We get a warning: ‘I hope you know what you’re doing…’. Me too. Assuming we do, let’s take a look:

net2_flood
##  Network attributes:
##   vertices = 83 
##   directed = FALSE 
##   hyper = FALSE 
##   loops = FALSE 
##   multiple = FALSE 
##   bipartite = 39 
##   total edges= 114 
##     missing edges= 0 
##     non-missing edges= 114 
## 
##  Vertex attribute names: 
##     degree degree_norm_bip enddate funding_org funds id_numeric labels labels_bip mgmt_Environmentalconditions mgmt_Floodriskandlandusemanagement mgmt_Governance mgmt_Habitatmanagement mgmt_Invasivenonnativespeciesmanagement mgmt_Nativespeciesmanagement mgmt_Waterquality mgmt_Watersupplymanagement mode n_years name org_type sci_Amphibiansandreptiles sci_Aquaticvegetation sci_Biologicalresourceuse sci_Channelizedhabitats sci_Environmentalconditions sci_Fish sci_Floodplain sci_Foodwebs sci_Habitatchanges sci_Hydrologicchanges sci_Hydrologyandhydrodynamics sci_Invasivenonnativespecies sci_Invertebrates sci_Landuseandhumanactivities sci_Mammals sci_Nutrientsenergyandfoodweb sci_Riparianhabitats sci_Sediment sci_Species sci_Terrestrialhabitats sci_Tidalwetlands sci_Waterquality sci_Weatherandclimate startdate trunc_name type url vertex.names 
## 
##  Edge attribute names: 
##     collaborative_role org_id_numeric project_id_numeric

Look’s alright. So now let’s assign the appropriate labels to each of these subgraphs.

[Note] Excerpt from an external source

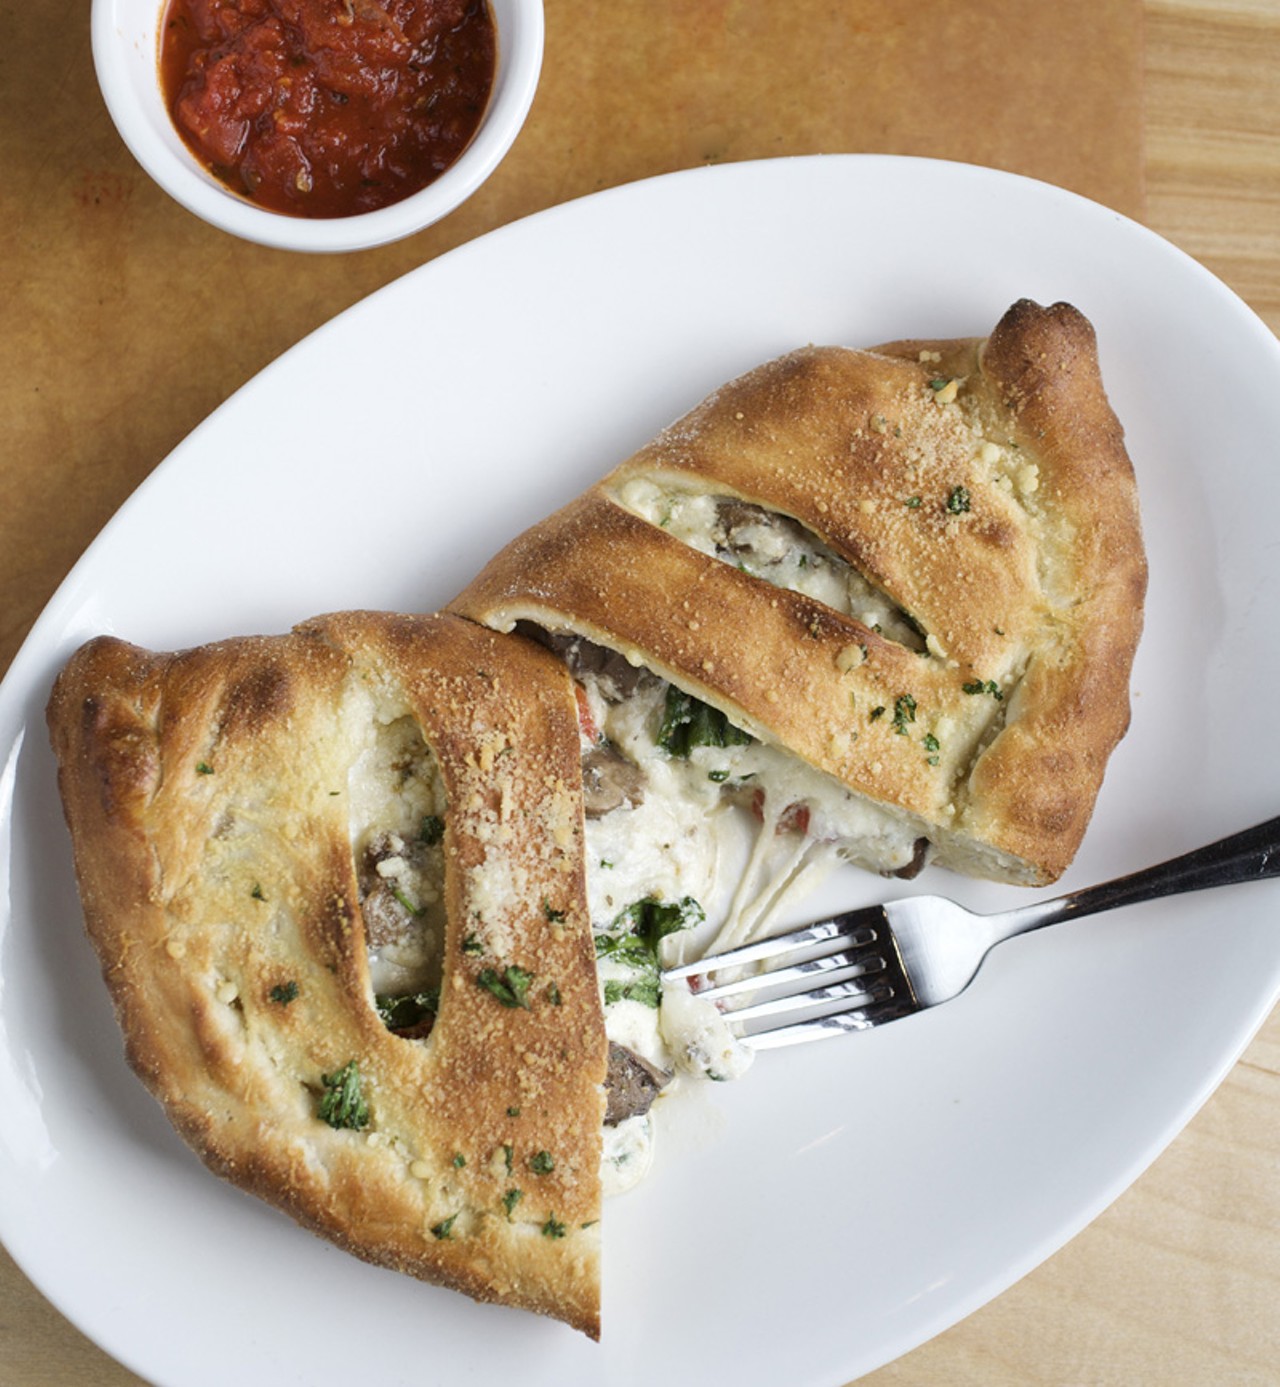 A Veggie Calzone - made with herb ricotta, wild mushrooms, spinach, roasted red peppers, caramelized onions, mozzerella and parmesan. Marinara sauce, on the side.

net2_cli %v% 'labels_bip' <- assign_bipartite_labels(net2_cli, 1)
net2_landuse %v% 'labels_bip' <- assign_bipartite_labels(net2_landuse, 1)
net2_govnc %v% 'labels_bip' <- assign_bipartite_labels(net2_govnc, 1)
net2_flood %v% 'labels_bip' <- assign_bipartite_labels(net2_flood, 1)

Last, we want to plot them!

plot_bipartite_fx(net2_cli) + labs(title = "Scientific theme: Climate")
plot_bipartite_fx(net2_landuse) + labs(title = "Scientific theme: Land use")
plot_bipartite_fx(net2_govnc) + labs(title = "Management theme: Governance")
plot_bipartite_fx(net2_flood) + labs(title = "Management theme: Flooding")

How do organizations’ activity differ across projects with different scientific and management themes: climate, land use, governance, and flooding?